**** Data extracts

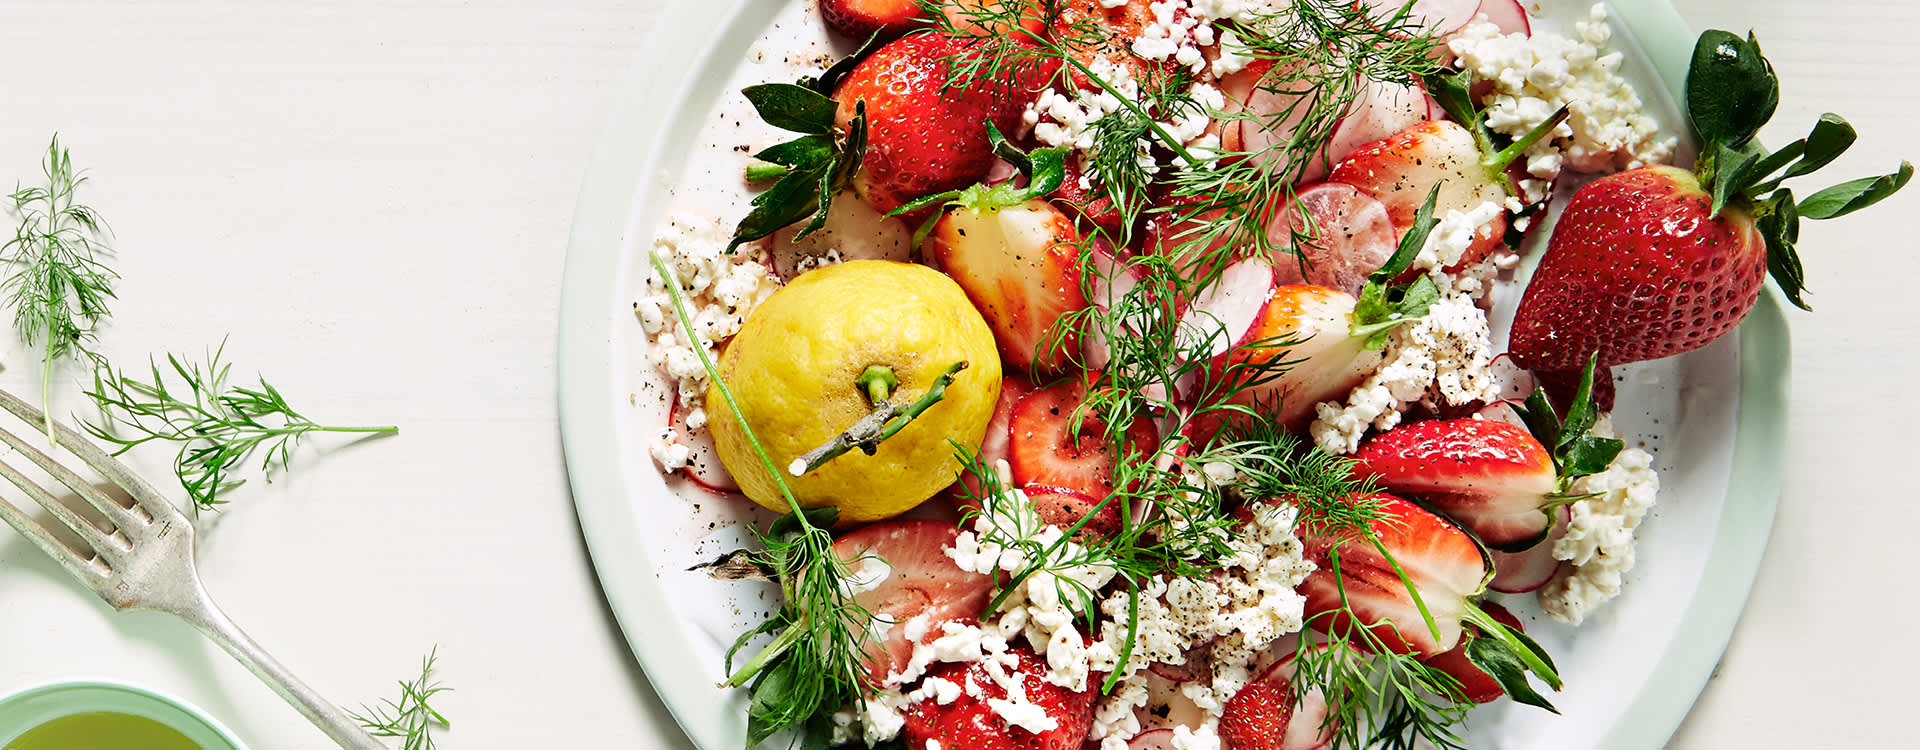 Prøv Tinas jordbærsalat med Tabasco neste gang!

********
**** Data extracts

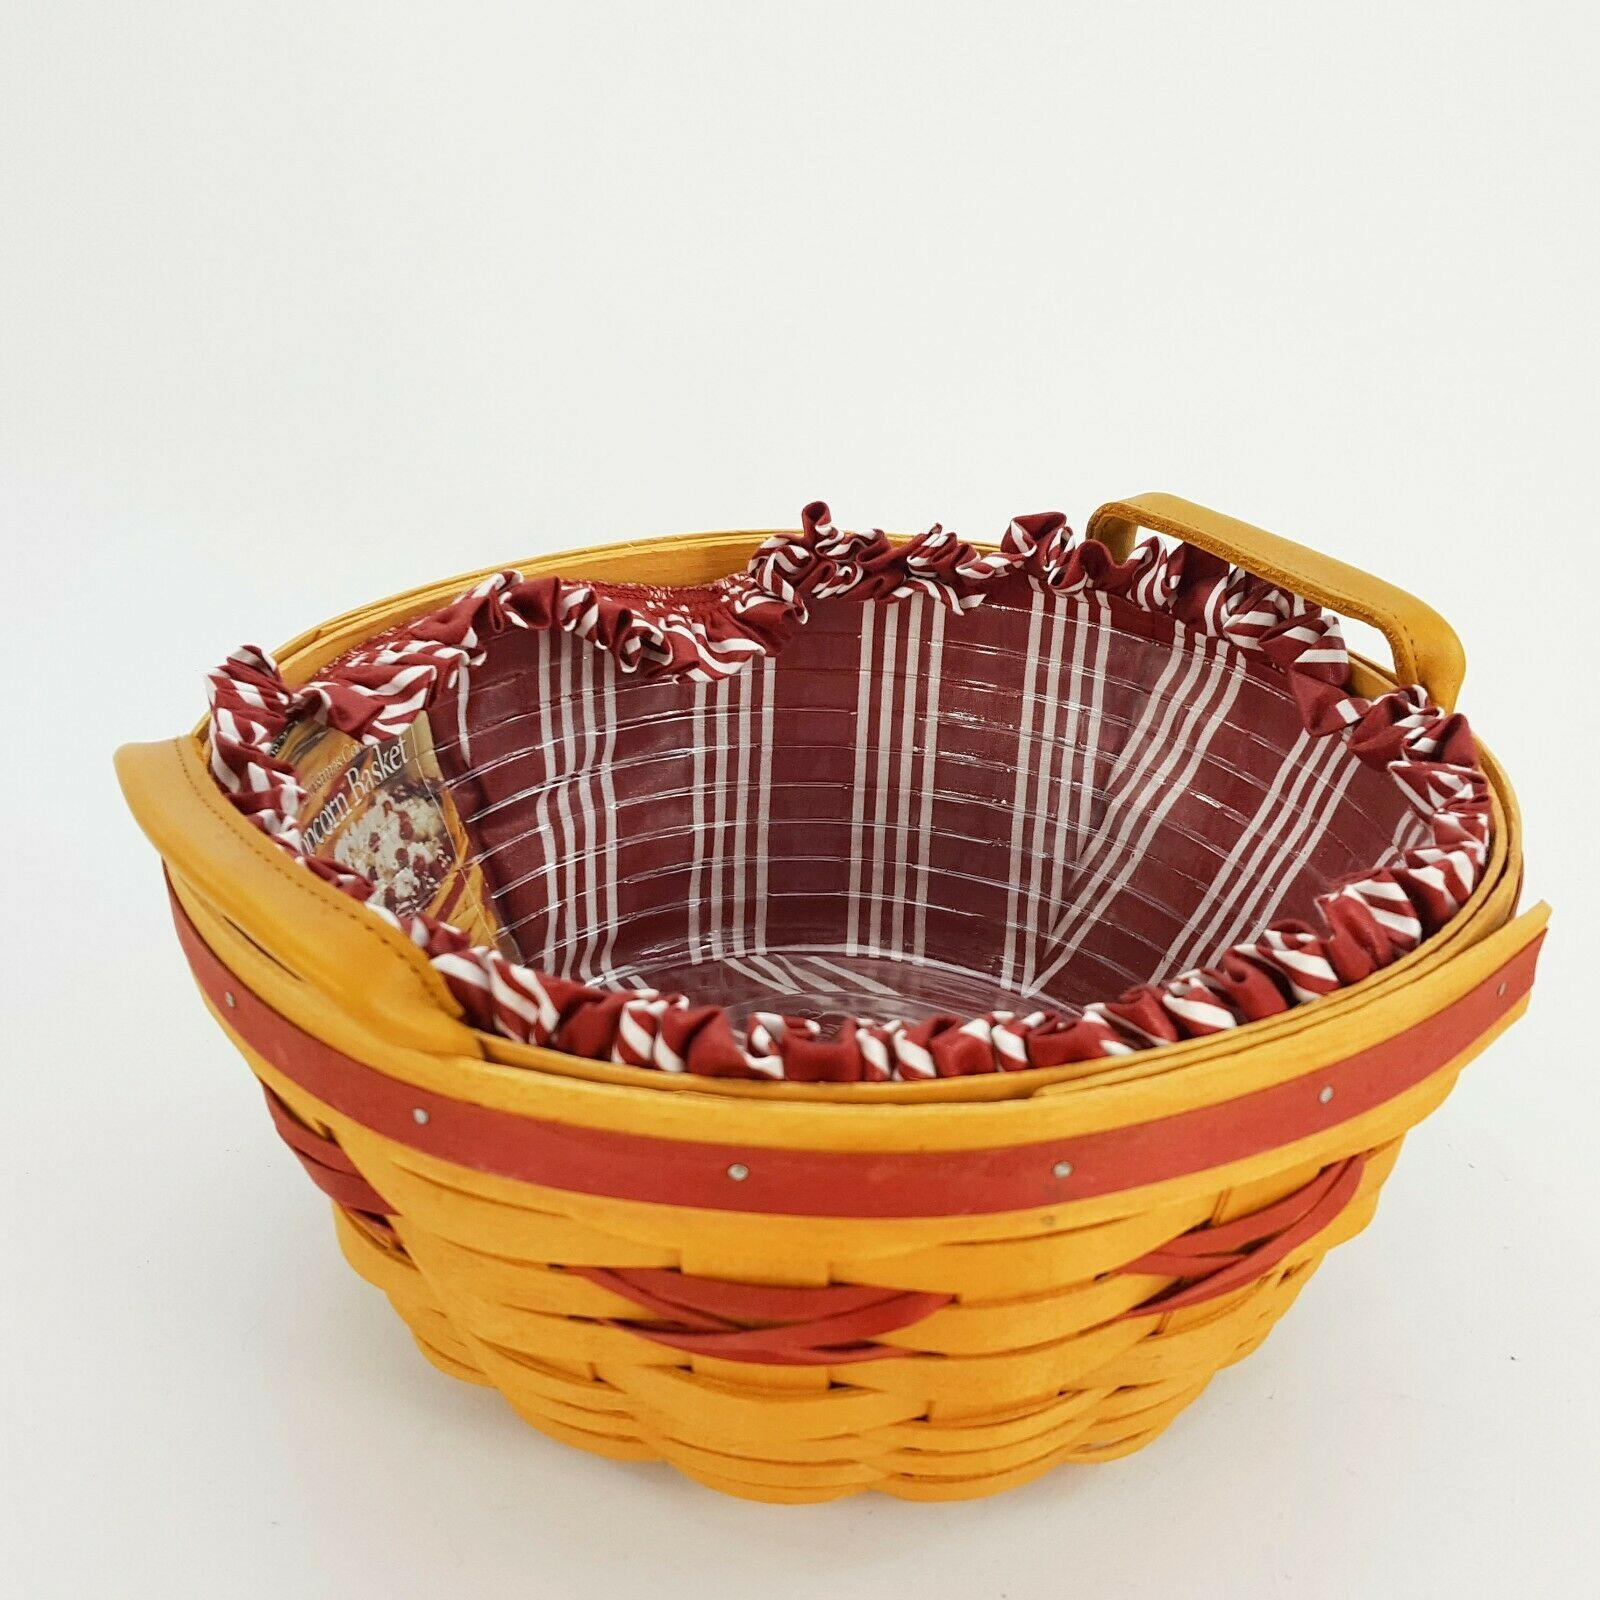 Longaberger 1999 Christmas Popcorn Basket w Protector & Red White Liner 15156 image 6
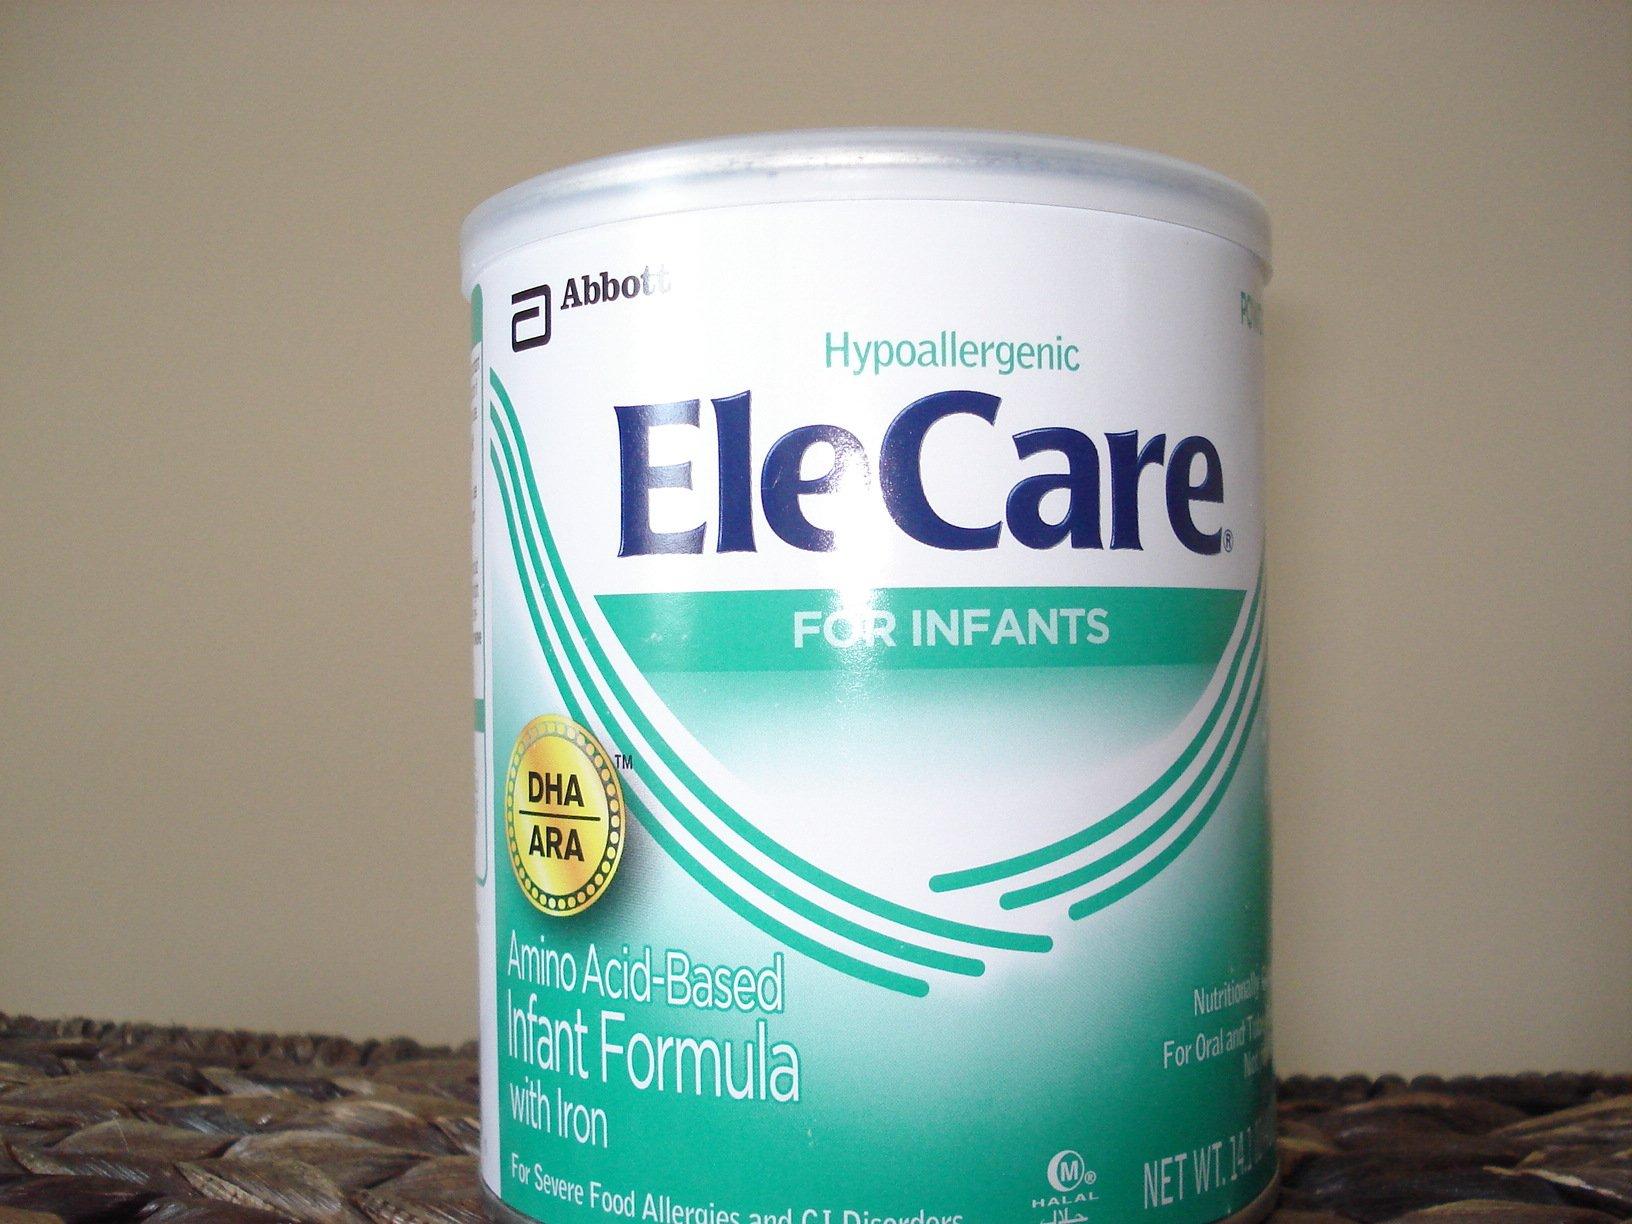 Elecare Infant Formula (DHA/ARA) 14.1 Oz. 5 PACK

********
**** Data extracts

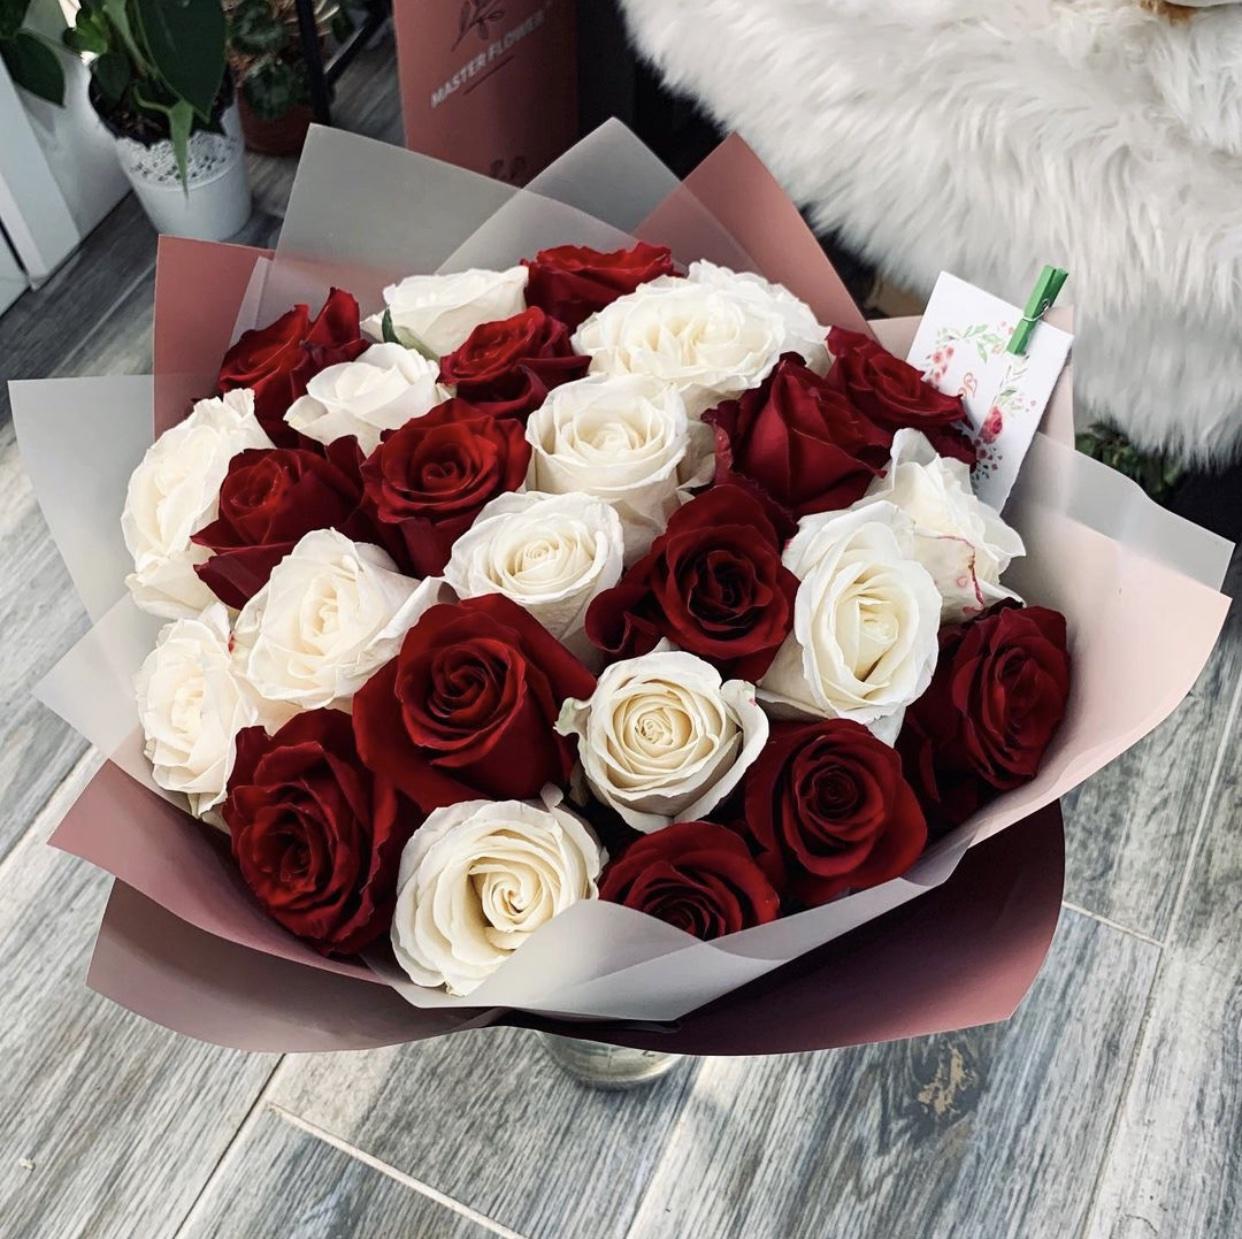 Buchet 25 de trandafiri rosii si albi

********

* Exercise instructions:
Copy exactly the lines of the listing above between the one holding "Longaberger 1999 Christmas" and the one holding "Elecare Infant Formula", inclusive; omit all pictures.

* Your response:
 Longaberger 1999 Christmas Popcorn Basket w Protector & Red White Liner 15156 image 6
 Elecare Infant Formula (DHA/ARA) 14.1 Oz. 5 PACK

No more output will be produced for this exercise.